Marginalisation, corporate-political conflict and ethical ambiguity are the hallmarks of an industry that is confused. ‘What’s killing neural monitoring is a lack of professionalism, a lack of experience and a lack of education’. In combination with the concerns Dr Vogel has put forth in his address, there are pressing issues concerning standardised clinical education and certification, prerequisites to procure that education, subsequent accountability in the O.R., meaningful contributions to the scientific community via peer-reviewed research and a neutral and ethical scientific society to create, maintain and uphold a standard of care.

‘One of the worst things that ever happened to neural monitoring was the day someone walked into a hospital and began selling a cheap widget instead of a real patient-care service. On that day, neural monitoring was commoditised. We sold our profession down the river, became vendors, we accepted little or no credentialing in exchange for expeditious access to the facility at the expense of our own pride, our own dignity and our patient safety.’

Rich is pessimistic when considering the industry’s past, but optimistic going into the future. If you look closely in the background of his presidential address, you’ll notice a ‘Make IONM Great Again’ cap, complete in Republican red. This is the type of humour that resonates well with Australians; a healthy combination of cynicism and irony, especially given that Dr. Vogel is staunchly opposed to President Trump as the leader of the free world.

‘Neural monitoring as we know it is in trouble’. The address is a vulnerable and honest description of his past and his vision for the future of such a fractured industry, often times partnered with troubled tales from his upbringing by a single parent battling their own demons. ‘I played dice and cards on the street corner, I got into fights, I had no plans in life. No one told me to be a doctor, a lawyer, a teacher, a policeman. Statistically speaking, I was supposed to be dead, or in jail, or living on the edge of life just trying to survive.’

Not all hope is lost. Whilst Dr Vogel has observed first-hand the negative impact of narcissism in the medical industry, at the heart of it all should be a cohesive unit that share a common goal; look after the patient, and do it well. Rich poignantly closes his presidential address with a quote from David Goggins, a retired Navy SEAL and ultra-athlete.

‘When you want a bonfire, you don’t start by lighting a big log. You collect some witch’s hair — a small pile of hay or some dry, dead grass.

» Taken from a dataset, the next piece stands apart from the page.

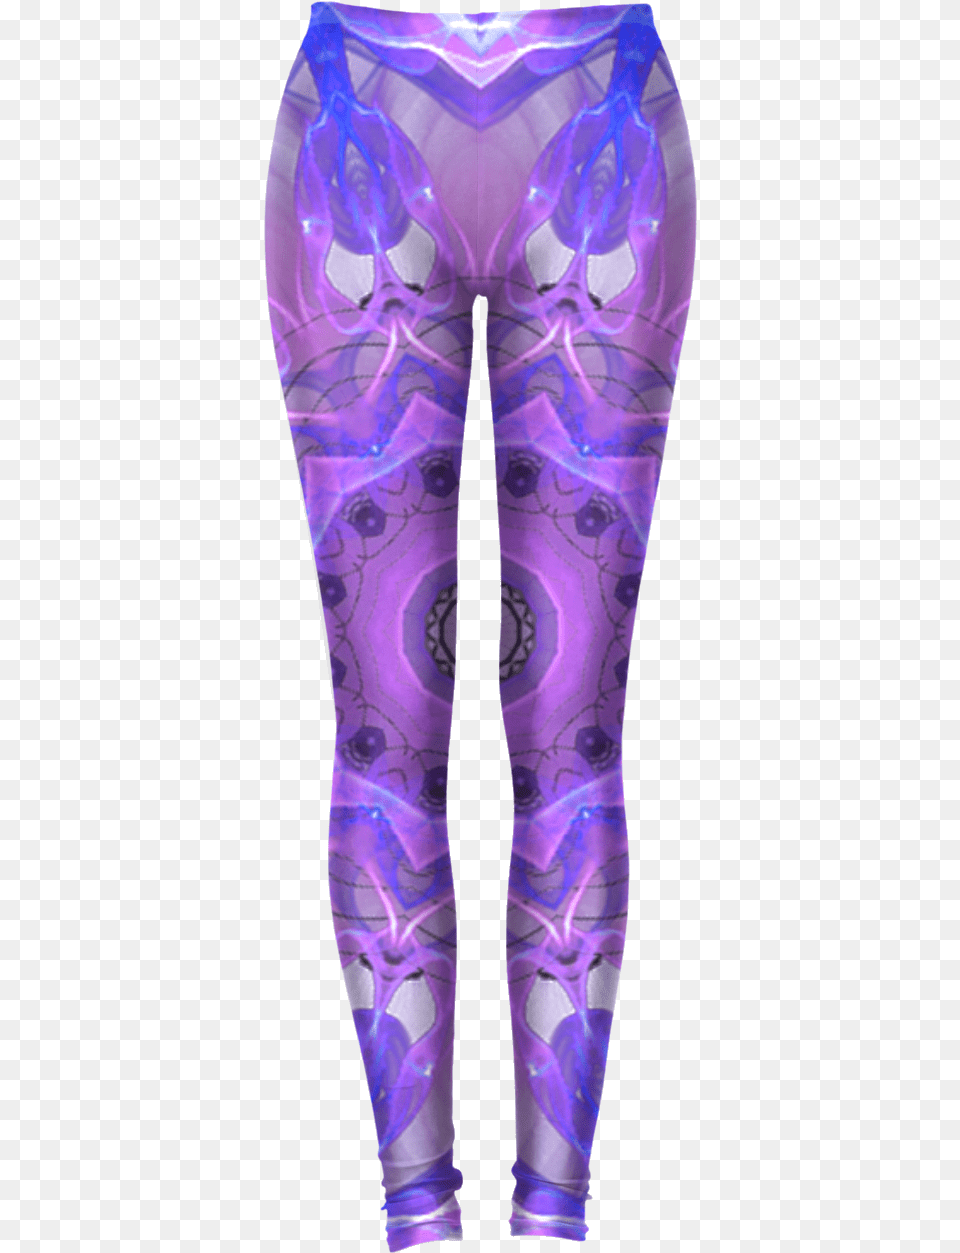 Abstract Plum Ice Crystal Palace Lattice Lace Mandala Leggings, Clothing, Hosiery, Purple, Tights Free Png Download

You light that, and then add small sticks and bigger sticks before you feed your tree stump into the blaze. Because it’s the small sparks, which start small fires, that eventually build enough heat to burn the whole f***ing forest down’.

In Australasia, small sparks have started a fire. Sticks are at the ready. They just need to be organised in such a way that the fire burns for a controlled, and lengthy, period of time. When a tree stump is introduced it might destroy the flame. Though if carefully executed, it will provide a comfortable and substantive heat to all that surround it.

Only then will we learn how to keep that fire burning.